The mathematical study of vision is also helping to explain near-death
experiences. Essentially they are physical representations of
striplike columns of neurons in the visual cortex that form a tunnel
pattern.
"What actually happens when somebody takes a drug is the first thing
they experience is a very bright light in the center of the visual
field, which is very reminiscent of this sort of light in the tunnel
when people think they see heaven beckoning in the distance,"
Bressloff said.
"What seems to happen is that this bright light spreads across the
visual field and from that state then this structure emerges which is
the seed for the hallucination pattern," he said.
Drug-Induced Drawings
Since spirals, tunnels, zigzags and other hallucinatory patterns can
be found in the art of almost all cultures and go back more than
30,000 years, many anthropologists speculate that they were done under
the influence of hallucinogenic drugs or self-induced trances, and
that these experiences served as the origin of abstract art.
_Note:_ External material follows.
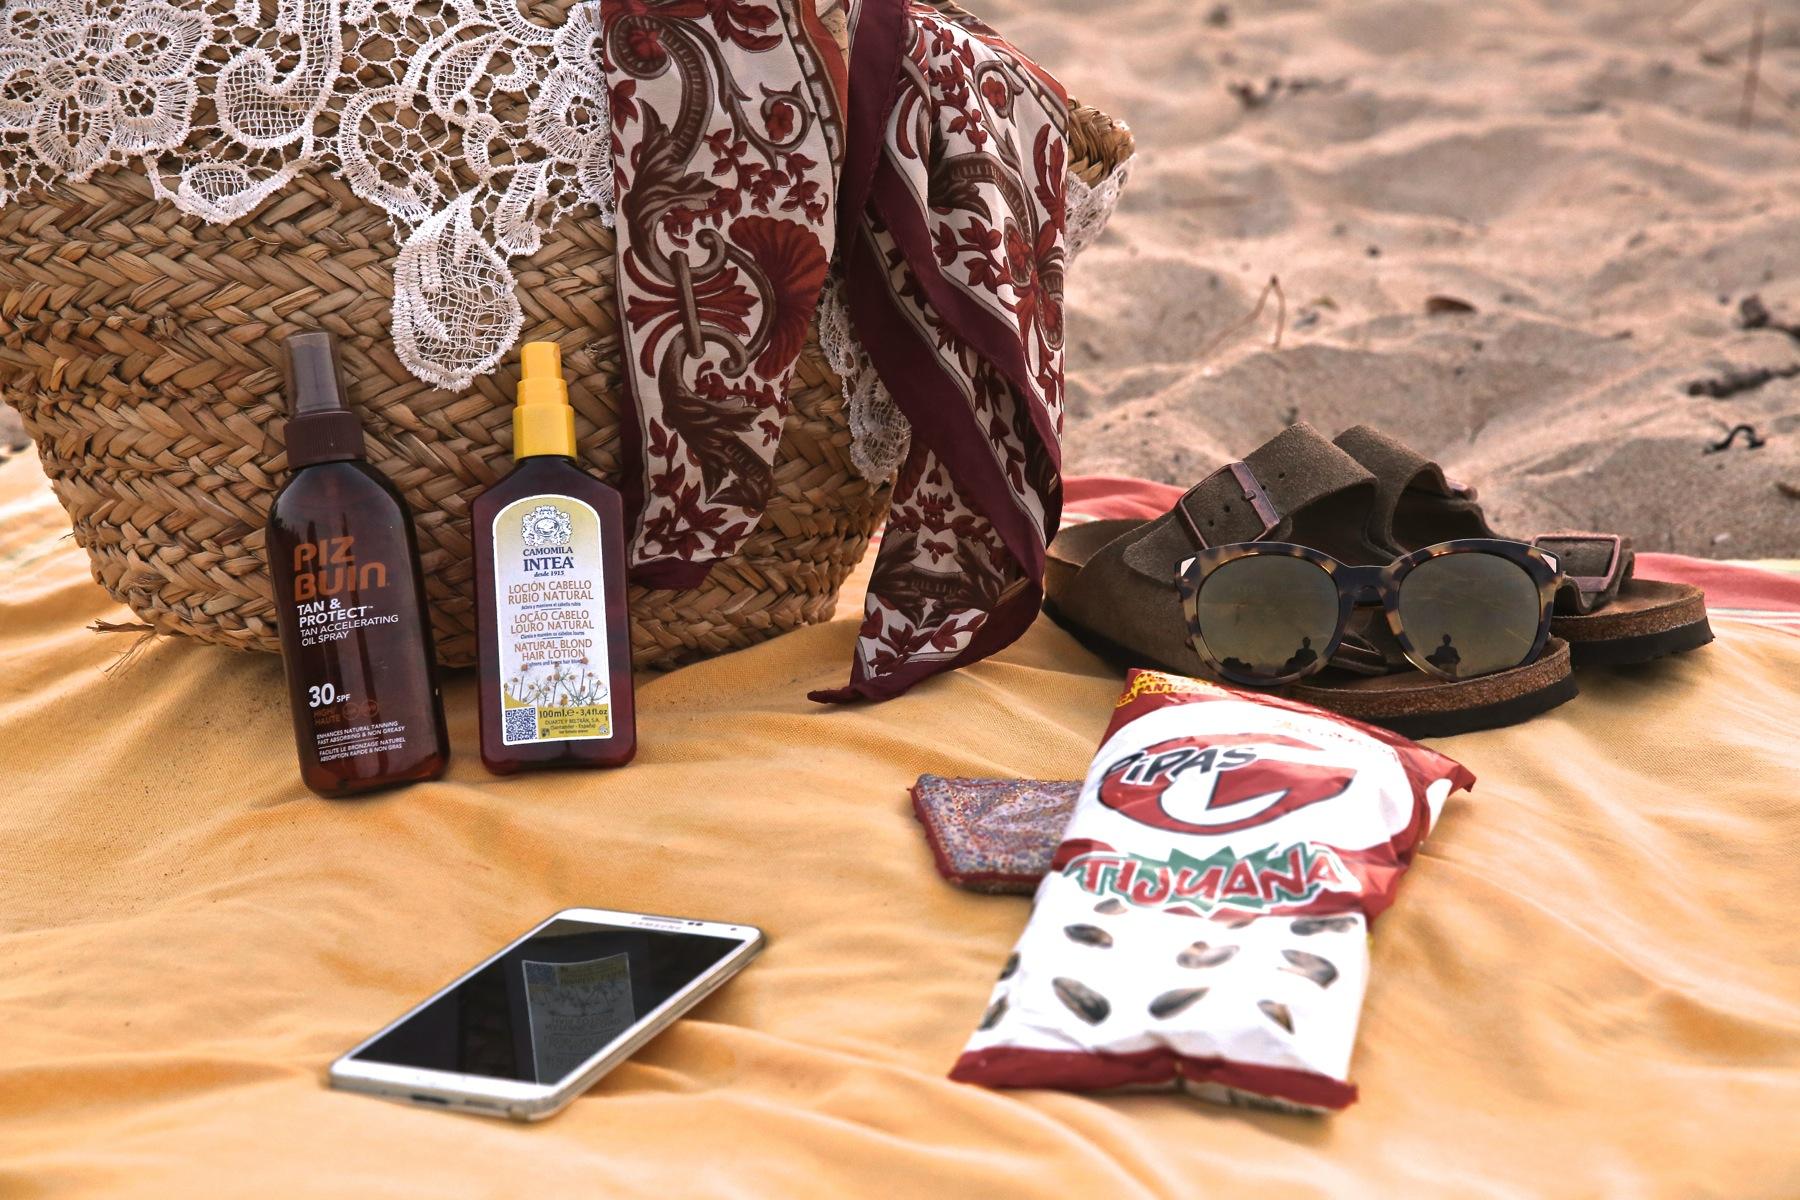 trendy_taste-look-outfit-street_style-boho-ootd-blog-blogger-fashion_spain-moda_españa-verano-crochet-vestido-bikini-hippie-dress-galicia-sunset-puesta_de_sol-piz_buin-4

The foremost masters of hallucinogenic experiences are shamans, ritual
practitioners in hunting-and-gathering societies who enter altered
states of consciousness to achieve a variety of ends that include
healing the sick, foretelling the future, meeting spirit-animals,
changing the weather and controlling animals by supernatural means,
according to Jean Clottes, scientific adviser to the French ministry
on prehistoric art, and David Lewis-Williams, professor of cognitive
archeology at the University of Witwatersrand in Johannesburg, South
Africa.
In their study of shamans, religious mystics and visionaries around
the world, Clottes and Lewis-Williams found that while drugs are
widely used to induce hallucinations, trances are also used to produce
unusual mental imagery. Trances can be induced through sensory
deprivation, prolonged social isolation, intense pain, vigorous
dancing and insistent, rhythmic sound, such as drumming and chanting.
3 Stages Of Trances
In their book, "The Shamans of Prehistory: Trance and Magic in the
Painted Caves," Clottes and Lewis-Williams outline three stages of
trance.
In the first stage trance, people "see" geometric forms, such as dots,
zigzags, grids, parallel lines, nested curves and meandering lines. In
the second stage, subjects try to make better sense out of the
geometric imagery by illusioning them into objects of religious or
emotional significance, such as construing a zigzag line into a snake.
The third stage is reached via a vortex or tunnel, at the end of which
is a bright light. When people emerge from the tunnel they find
themselves in a bizarre world where geometric patterns become mixed
with monsters, people and settings. It is in this stage where the
drawings of humans with animal features occur.
Clottes and Lewis-Williams concluded: "We emphasize that these three
stages are universal and wired into the human nervous system, though
the meanings given to the geometrics of Stage 1, the objects into
which they are illusioned in Stage 2, and the hallucinations of Stage
3 are all culture-specific, at least in some measure, people
hallucinate what they expect to hallucinate.